- [AVAILABLE DATA]
┄┄┄┄┄┄
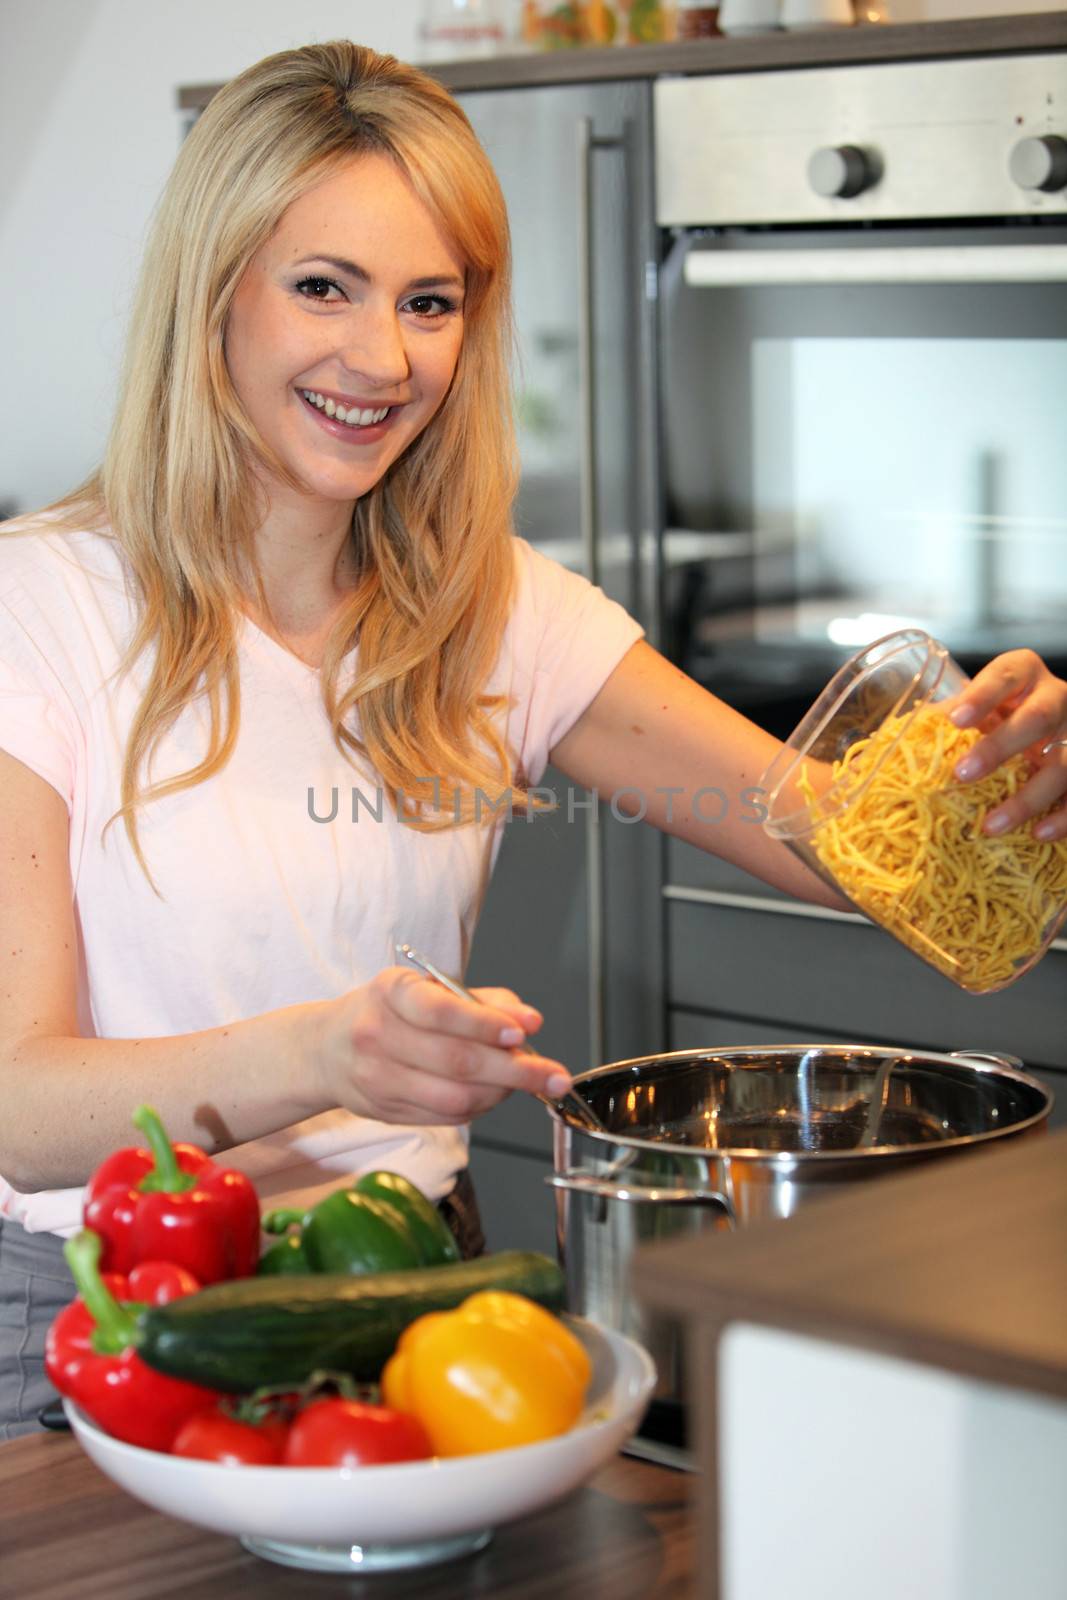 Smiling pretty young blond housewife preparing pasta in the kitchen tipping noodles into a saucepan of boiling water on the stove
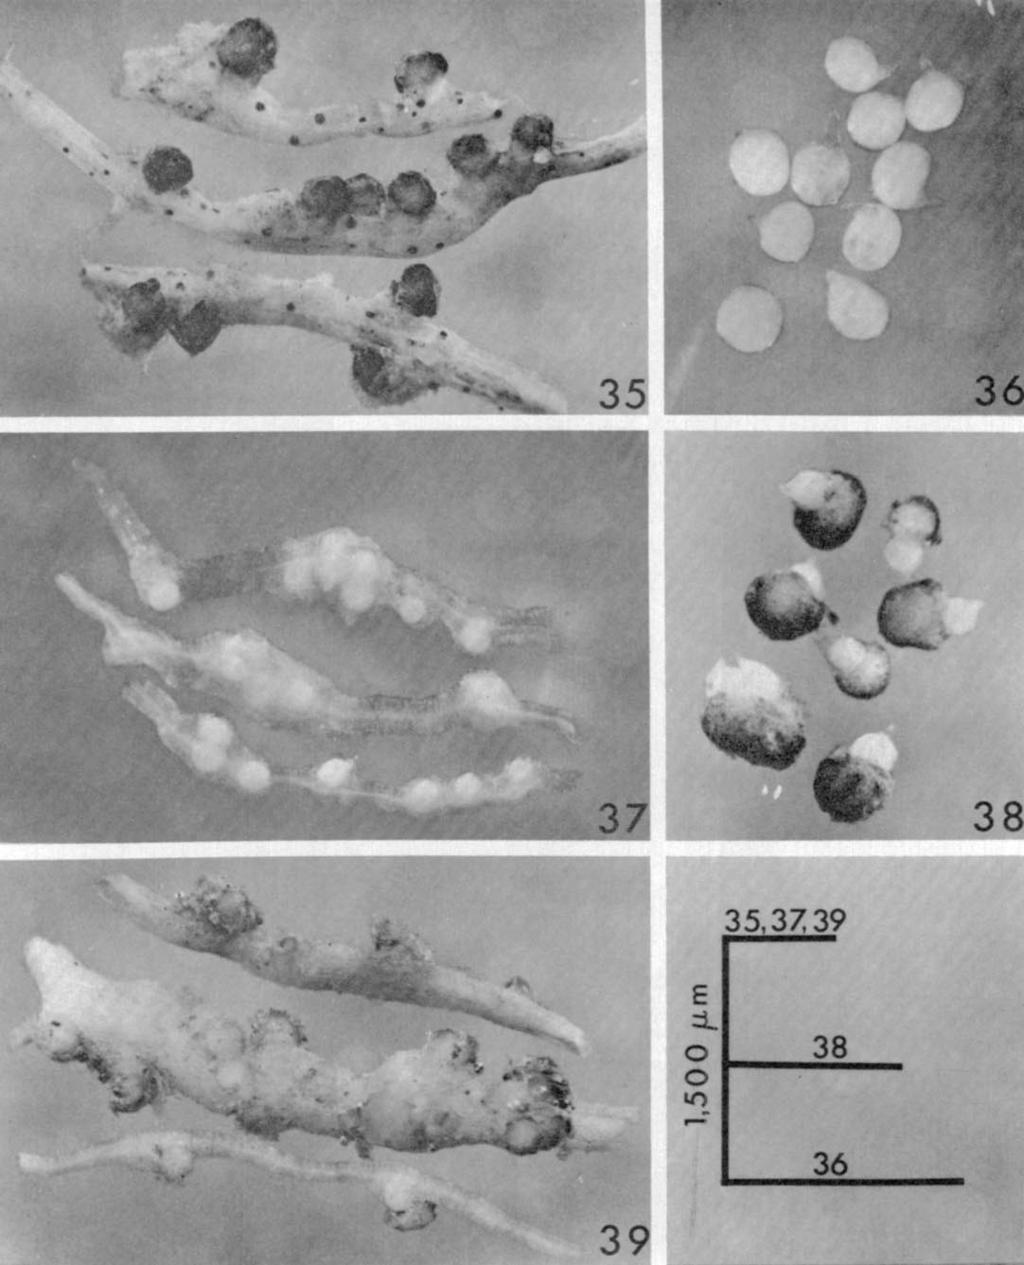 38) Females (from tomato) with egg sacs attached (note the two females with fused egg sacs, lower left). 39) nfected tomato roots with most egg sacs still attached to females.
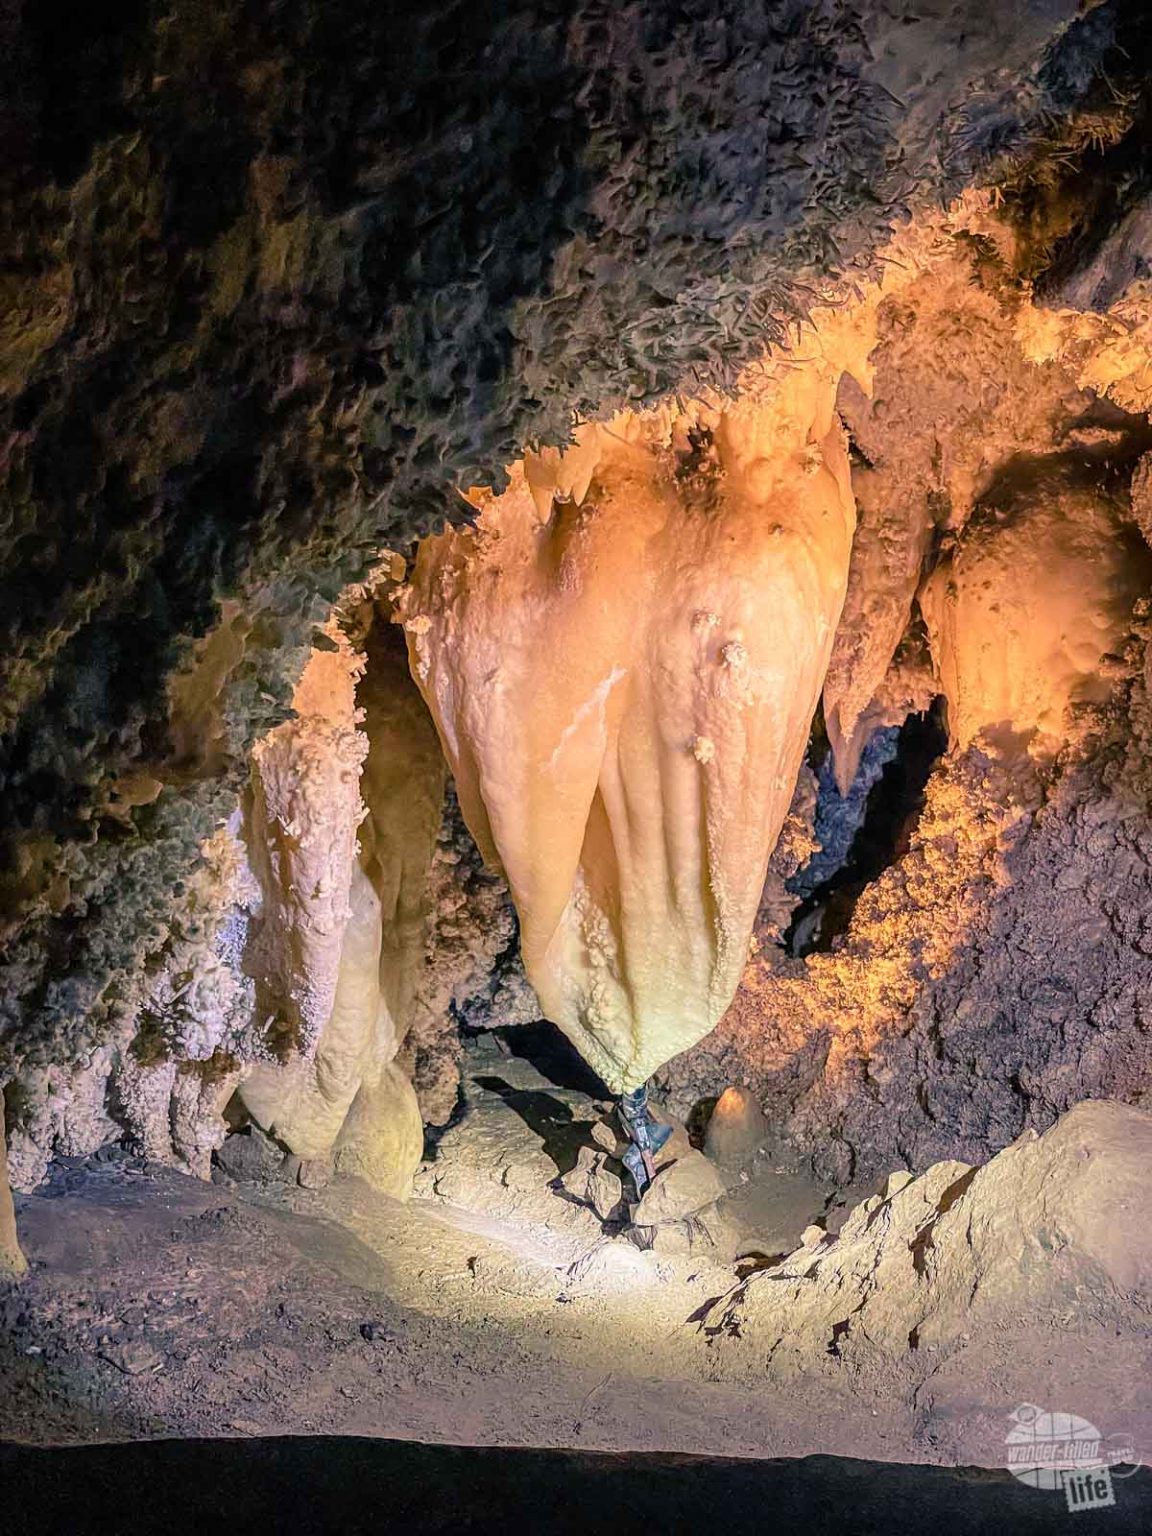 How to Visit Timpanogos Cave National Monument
┄┄┄┄┄┄
- [WHAT IS BEING ASKED] Could you write out the whole listing exactly, skipping every picture?

- [SOLUTION TO THE EXERCISE]
 Smiling pretty young blond housewife preparing pasta in the kitchen tipping noodles into a saucepan of boiling water on the stove
 38) Females (from tomato) with egg sacs attached (note the two females with fused egg sacs, lower left). 39) nfected tomato roots with most egg sacs still attached to females.
 How to Visit Timpanogos Cave National Monument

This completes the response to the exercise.